General characteristics
- Type: Teak-built barque
- Tons burthen: 423 or 420 (bm)
- Length: Overall: 117 ft 4 in (35.8 m); Keel: 115 ft 7 in (35.2 m);
- Beam: 28 ft 5 in (8.7 m)
- Depth of hold: 13 ft 7 in (4.14 m)
- Propulsion: Sails
- Sail plan: Barque rigged
- Complement: 58
- Armament: Two guns
- Notes: Teak-built

= HMS Assistance (1850) =

1835 survey barque

HMS Assistance was an Arctic discovery barque of the Royal Navy, and the sixth vessel to carry the name. She began in 1834 as the India-built merchant vessel Acorn. Her name was changed to Baboo. Under that name she transported contract labourers between Mauritius and India, and immigrants to South Australia. The Royal Navy purchased her in 1850 and named her HMS Assistance. Assistance participated in two Arctic expeditions in the search for the lost Franklin expedition before her crew abandoned her in the ice in 1854.

== Career ==
=== Merchant navy ===
Assistance was built out of teak in 1835, at Howrah, Calcutta, and was launched as the merchant vessel Acorn. She was renamed Baboo at some point prior to 1837.

On 23 August 1837, Baboo carried 106 male and six female contract labourers from Calcutta to Mauritius. (Note: The term at the time for contract labourers brought to the British colonies from India, or China, was coolies.) She also made one voyage repatriating contract labourers from Mauritius to India. She had embarked 240 contract labourers, of whom six men died on the way to Madras, and eleven between Madras and Calcutta.

Baboo first appeared in Lloyd's Register in 1839 with Forrester, master, T. Kincaid, owner, Greenock, homeport, and trade Liverpool–South Australia.
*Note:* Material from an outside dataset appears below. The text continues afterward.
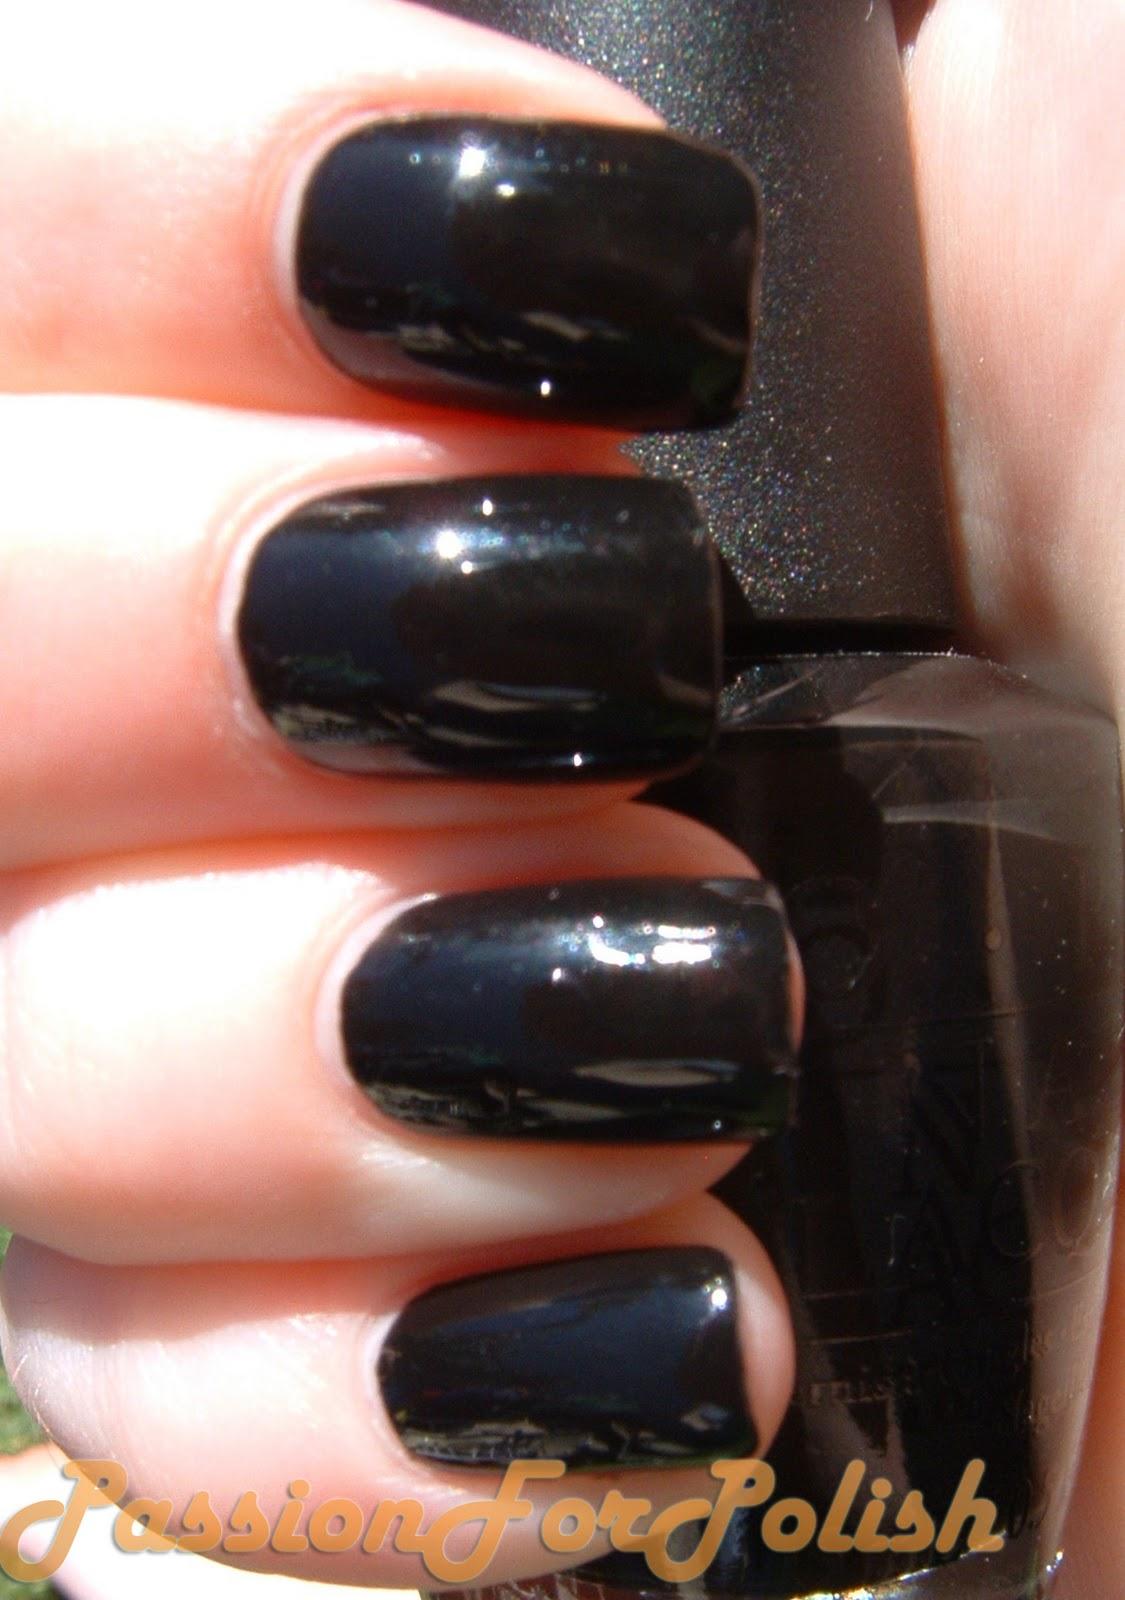 Passionforpolish Opi Black Onyx

Baboo made two voyages to South Australia carrying immigrants. The first took her from Liverpool on 23 November 1839, to Port Adelaide, where she arrived on 9 March 1840. Emanuel Underwood, a passenger on board Baboo, brought with him a small vessel in frame, together with her equipment. He assembled her at Port Adelaide and named her after the colony's governor.

On 14 May 1847, Baboo ran aground and was severely damaged in the River Thames at Limehouse, consequent to an argument as to whether she should be towed by tugs Lion or Newcastle. Baboo was on a voyage from London to Sydney. She was refloated and put back to London. She had her damages repaired that year. Baboo sailed from the Port of London, departing on 27 June, to Port Jackson, Sydney, New South Wales, Australia, arriving on 24 October. Her captain was Charles Barker.

On Baboos second voyage to South Australia, she left Deptford on 23 August 1848 and arrived at Port Adelaide on 4 December.

=== Royal Navy ===
In March 1850, the Royal Navy purchased Baboo from Kincade. Wigrams of Blackwall fitted her for Arctic service at a cost of £8,520.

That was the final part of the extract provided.